Un'arterosclerosi grave può esistere anche senza apparenti segni clinici.

Le arterie sono vasi con pareti muscolari, che trasportano il sangue dal cuore al resto del corpo. Se si trovano in buono stato, hanno pareti con rivestimento interno liscio e sono sufficientemente elastiche da adattarsi a variazioni anche estreme della pressione sanguigna, in modo che il sangue possa scorrervi liberamente. A volte, tuttavia, sulle pareti si formano depositi di grasso, in genere a cominciare dai punti sottoposti a maggiore sforzo, dove un'arteria si ramifica o dove la parete stessa è lievemente lesa. Col crescere del deposito di grasso, la parete viene ulteriormente danneggiata, e col passar del tempo il piccolo deposito primitivo diventa una massa dura di tessuto grasso che erode la parete, diminuisce l'elasticità dell'arteria restringendone il lume e ostacolando il flusso del sangue. La piccola massa di tessuto grasso è chiamata ateroma; una massa ateromatosa più grande è chiamata placca ateromatosa, e il nome della malattia cui questo fenomeno da luogo, aterosclerosi, significa letteralmente «indurimento da ateroma».

Quali sono i sintomi?
Di rado se ne manifestano prima che il danno sia già esteso. Quando compaiono, di solito dopo molti anni, è perché una certa parte del corpo non è più rifornita di sangue a sufficienza, e i sintomi variano a seconda della parte colpita. Si possono avere solo crampi alle gambe dopo una camminata più o meno lunga, come si possono avere un colpo apoplettico, un'insufficienza renale, l'angina pectoris o una trombosi delle coronarie.

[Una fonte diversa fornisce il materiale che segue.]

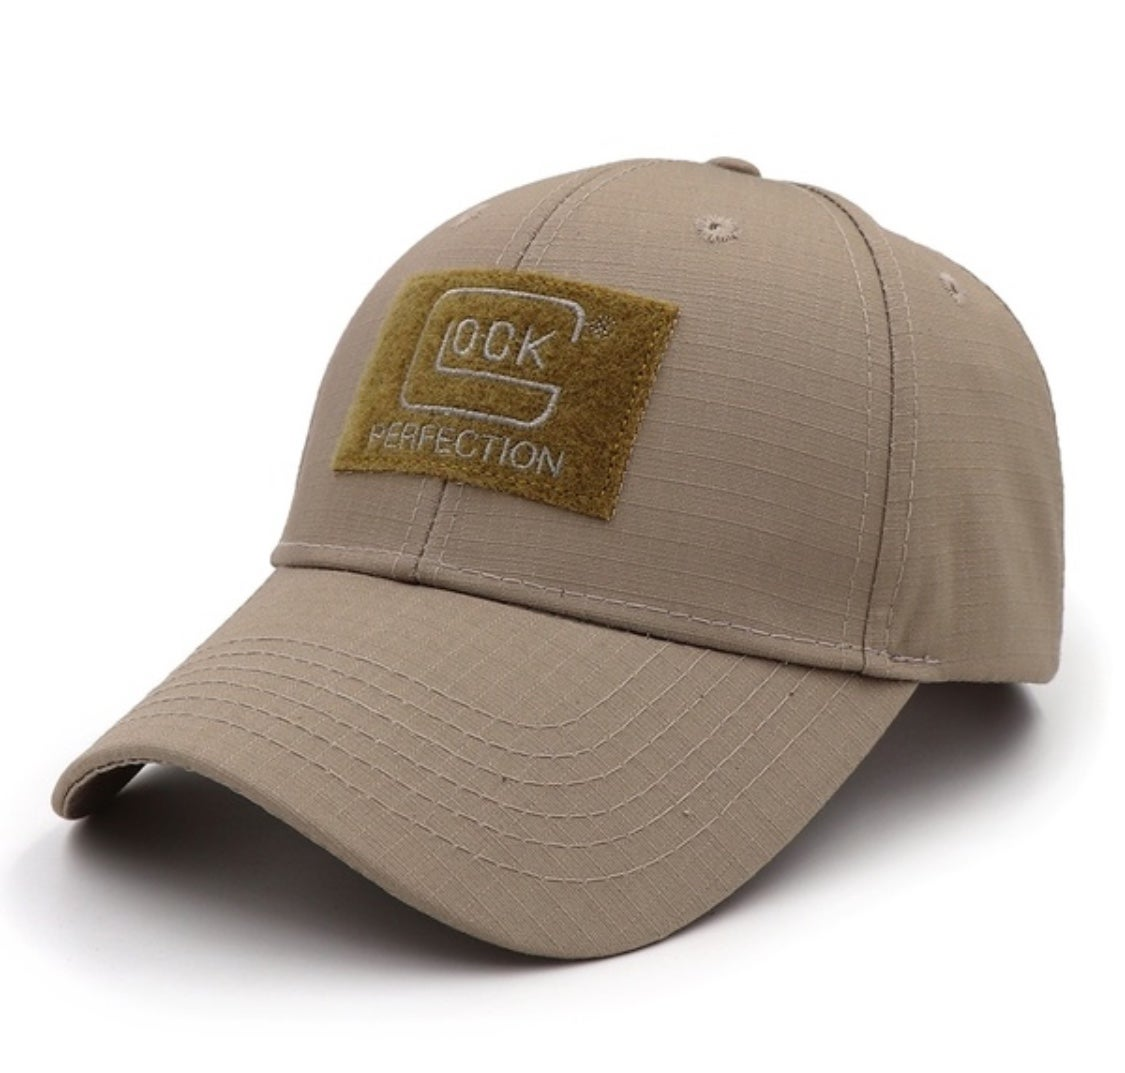 Image of GLOCK Baseball Cap

Quanto è frequente il problema?
L'aterosclerosi è molto diffusa nelle società occidentali. E cosi spesso asintomatica che non si possono raccogliere dati accurati, ma le autopsie indicano che questa malattia è in certa misura diffusa in modo quasi universale, soprattutto tra i maschi. Ne sono affetti perfino dei bambini. Uno dei motivi principali di ciò è che l'aterosclerosi è associata con un alto livello di grassi e di colesterolo nel sangue. La maggior parte degli abitanti del mondo industrializzato mangiano cibi ricchi di grassi o di colesterolo, come carne, burro e uova, causa di aterosclerosi. Le possibilità di contrarre questa malattia sono maggiori se, oltre a mangiare molti grassi, siete un uomo, di qualsiasi età, o una donna sopra i 35 anni; se fumate; se siete affetti da diabete, disturbi renali o elevata pressione sanguigna. Naturalmente la gravita dell' atcrosclerosi aumenta con l'età.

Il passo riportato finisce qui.